DÄ internationalArchive51-52/2008The Check-up Before Publication

From the Editor’s Desk

The Check-up Before Publication

Dtsch Arztebl Int 2008; 105(51-52): 897-9. DOI: 10.3238/arztebl.2008.0897

Mertens, S

LNSLNS Much time often elapses before a scientific article is published. The research itself, writing the article, and the peer-review process are three major way stations along the often long and rocky road to publication. Yet, before the article finally appears, it must still undergo another round of meticulous revision by an editor, this time for style. What, exactly, happens in this final editorial check? And does it really make the article more accurate and easier to read?

Evaluating editorial work
Large medical periodicals, including Deutsches Ärzteblatt, generally publish peer-reviewed articles only after a final editorial revision. This involves correcting the article's linguistic usage, spelling, and punctuation, as well as adapting it according to the journal's rules for style and layout. Short sentences and the use of the active voice facilitate understanding. Tables and figures should appear in standardized form, and the reader should be able to understand them easily without referring back to the text. The goal is to make the article more readable and to improve the transfer of knowledge from the author to the reader—for the ultimate benefit of the patient.

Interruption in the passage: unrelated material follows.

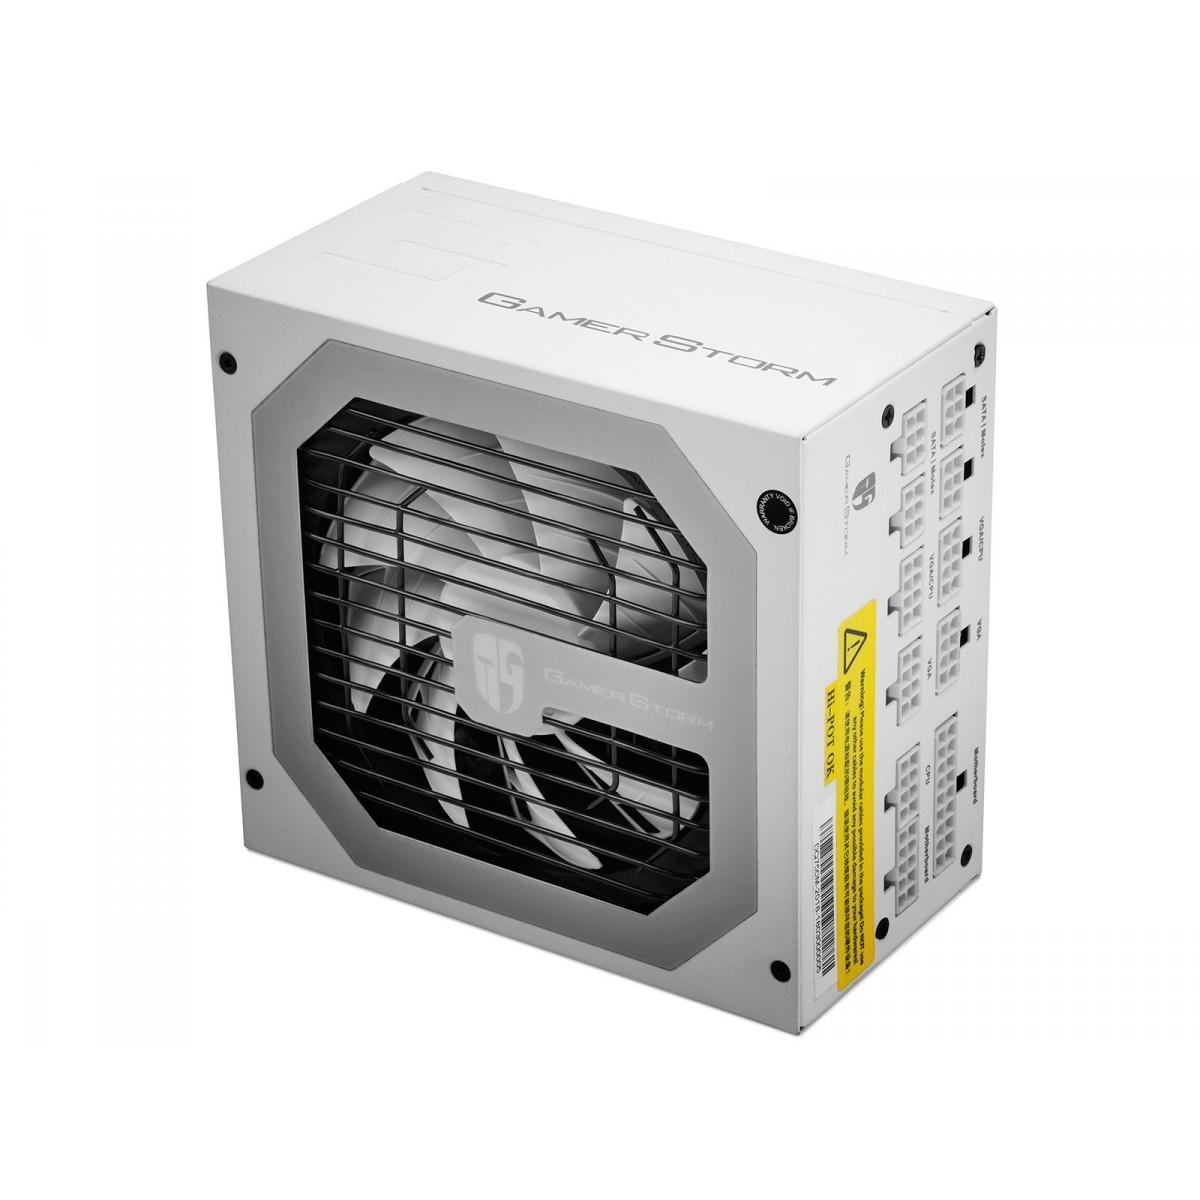 Fonte DeepCool GamerStorm DQ750M 750W, 80 Plus Gold, Modular, PFC Ativo, White

A number of scholarly studies have addressed the question whether this goal is actually achieved. A systematic Cochrane review by Wager and Middleton (1) identified 18 studies of the effect of editing, only two of which were randomized and controlled. The remainder either compared different periodicals against each other, or else compared articles in a single periodical before and after an intervention. Research of this type is directed to the following questions:

- Does editing improve the text?
- Do the editors' suggestions to the authors improve the quality of the manuscript?
- Are the summaries accurate and detailed?
- Is the reference list free of errors, and do the citations accurately represent the content of the cited material?

Editorial revision
The studies analyzed by Wager and Middleton are of highly diverse types, and the main topic of their research, readability, is difficult to assess. In eight of these studies, editorial intervention was found to have improved readability. Yet the texts were judged by nonvalidated criteria that varied greatly across studies, with the result that useful comparisons of one study to another generally cannot be drawn. Two commonly used instruments for measuring readability were the Flesch score and the Gunning Fog Index (box 1 gif ppt).

With respect to these classifications and the other criteria that were used, e.g., the practical applicability of the information provided or differences between the main text and the summary, it was found that editorial revision indeed significantly improved readability. For some articles, however, the degree of improvement was no more than moderate: the articles were still judged to be hard to understand even after editing.

An analysis of articles published in the British Journal of Surgery arrived at similar conclusions. The readability of submitted and accepted manuscripts was the same, i.e., editorial revision had apparently not improved them, even though their mean Flesch score increased from 20.5 to 24 points, a significant difference (p < 0.001). The editors had shortened the texts by an average of 7.8% (3); they had significantly shortened the sentences, lowered the number of sentences per paragraph, and reduced the average word length.

Manuscripts by authors whose mother tongue was not English were more readable than those by native English-speakers (Flesch score ca. 19 vs. 22; p = 0.016 (3). This may be because native speakers formulated more complex sentences and used longer words.

Compliance with the editors' suggestions to the authors
The editors of all scholarly journals presumably make suggestions to the authors of submitted manuscripts, yet these suggestions are not necessarily read or followed. Such has been our experience in the editorial office of this journal, and such was also the finding of a randomized study (4). Pitkin and Brangan randomized 250 manuscripts that were to be revised: All of these manuscripts contained inconsistencies that had to be corrected, either within the summary (abstract) itself or between the summary and the main text. The authors in the "intervention group," but not in a control group, were given specific instructions about the problem. In both arms of the study, about one-quarter of the texts still had the same errors after revision (5). This shows that the authors paid no attention to the editors' remarks.

Accuracy of citations
A number of studies have checked the accuracy of a total of 15 000 citations of the literature. On average, 39% of them were found to contain incorrect bibliographical references (range, 4% to 67%). Moreover, in 20% of cases (0% to 44%), the cited source did not support the contention that the authors attributed to it (1).

Informational content of summaries
The most frequently read part of any scholarly article, after its title, is its summary (abstract) (6). Clearly, therefore, the writing and editing of the summary deserve meticulous attention.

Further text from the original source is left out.